Now, just think about the fact that if every 50% of the patients each use an application, and each one

requires its own client_id and client_secret, you now have 25,000 client_id and client_secret values for what, maybe 100 applications.  And if any of those applications are busted (meaning they register more often than they need to because someone missed something in the spec), you could have some applications registering daily or hourly or whatever the expiration time is on the authorization token, and now that number could really balloon.

Is this realistic?  Is it valuable?  Is it worth having to manage? Would it not be better to have 100 client secrets and client ids which you could then manage if necessary?

I know ONC is promoting use of Dynamic Client Registration, but I look at the cost of doing that, and I am quite certain that there really is a better way.  It's interesting that Twitter, Facebook, Google and many other API publishers outside of healthcare haven't been using OAuth 2.0 Dynamic Application Registration.

I'm wondering, is Dynamic Application Registration really Smart?


Thursday, August 10, 2017

Measuring Interoperability

One of the challenges facing ONC for more than the past decade has been measuring interoperability (yes, ONC has been around for  that long).  One of the responsibilities of the National Coordinator in the original order creating the office back in 2004 and continuing on to this day is to "include measurable outcome goals".

These are some things that one might consider measuring with regard to Interoperability:

  • Reductions in costs of care attributable to presence of absence of Interoperability
  • Application support for Interoperability Standards and APIs
  • Transmissions of Interoperable Information
  • Speed of Uptake of Interoperable Solutions
However, not all of these are "Outcomes".  They represent three different kinds of measures, and then something special.  Cost reduction is clearly an outcome. Application support is a capability measurement. Transmissions of information is a process measurement.  Speed of uptake I'll talk more about at the end of the post.

There really is no definitive or easy way to put a $ figure on the ROI of interoperability in healthcare without spending a great deal of time.  It takes a well designed study which can show before and after effects of an interoperability based intervention.  And it isn't clear how much of the $ saving could be attributed to technology, vs. other process changes involved that use that technology.  Yet, among the above, that's in fact the only outcome measure listed.
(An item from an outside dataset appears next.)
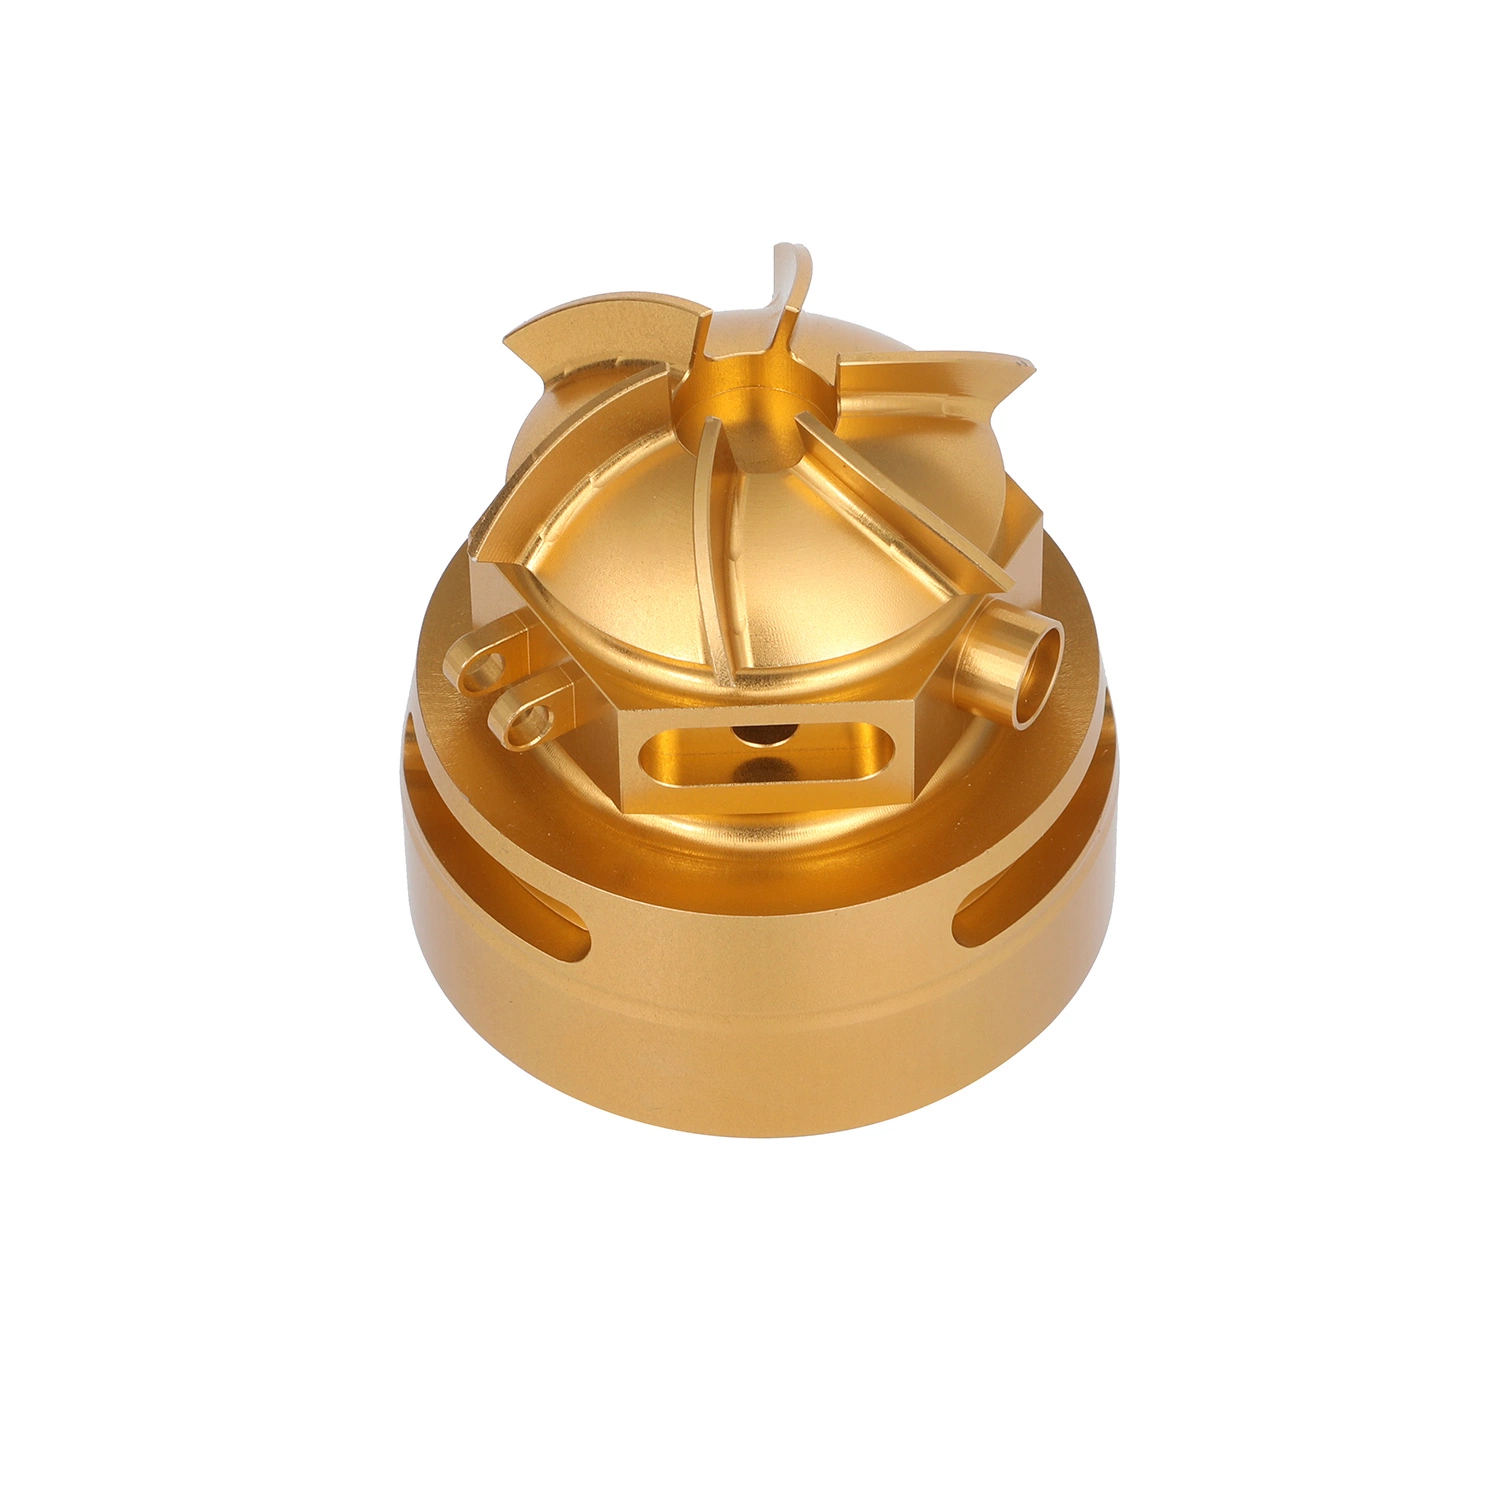 Custom Precision Brass and Copper Metal Parts Turning Milling CNC Machining Parts

Application support for standards and APIs is a capability measure.  We can definitively show that applications have more interoperability capabilities than they have.  But we don't have good evidence linking that capability to outcomes.

Transmissions of interoperable information is something where we are actually measuring a process. For example, in ePrescribing, we are measuring the number of prescriptions sent electronically.  We also have some good studies linking that process to improved outcomes, but it's not a direct measure of outcomes.

Finally, the speed of uptake.  This is an interesting measure.  It shows something about capability, in that it demonstrates availability of a particular capability.  But is also demonstrates an outcome, one related to ease of use.  If we look at the ease of uptake and flexibility of HL7 Version 2, HL7 CDA, HL7 Version 3, IHE XD*, and HL7 FHIR, we can get a pretty good understanding of the complexity of the various standards.  

As we embark next week in discussions about fitness for purpose, this is what I would consider to be an "outcome measure" for success in standards selection.  Ease of uptake directly relates to products with interoperable capabilities in products, interoperable processes that can be delivered upon, and real cost reductions in implementation of Health IT solutions.

As we look at "Fitness for Purpose", I think we need to consider "adoptability" as one of the key metrics to consider.  That means that the standard needs to be readily available, easily understood and implemented.  It's a tall order for a standard to meet, and hard to tell how to get there, but I can say this: You'll know it when you see it, and it doesn't happen by accident or intention alone, but more like a bit of both.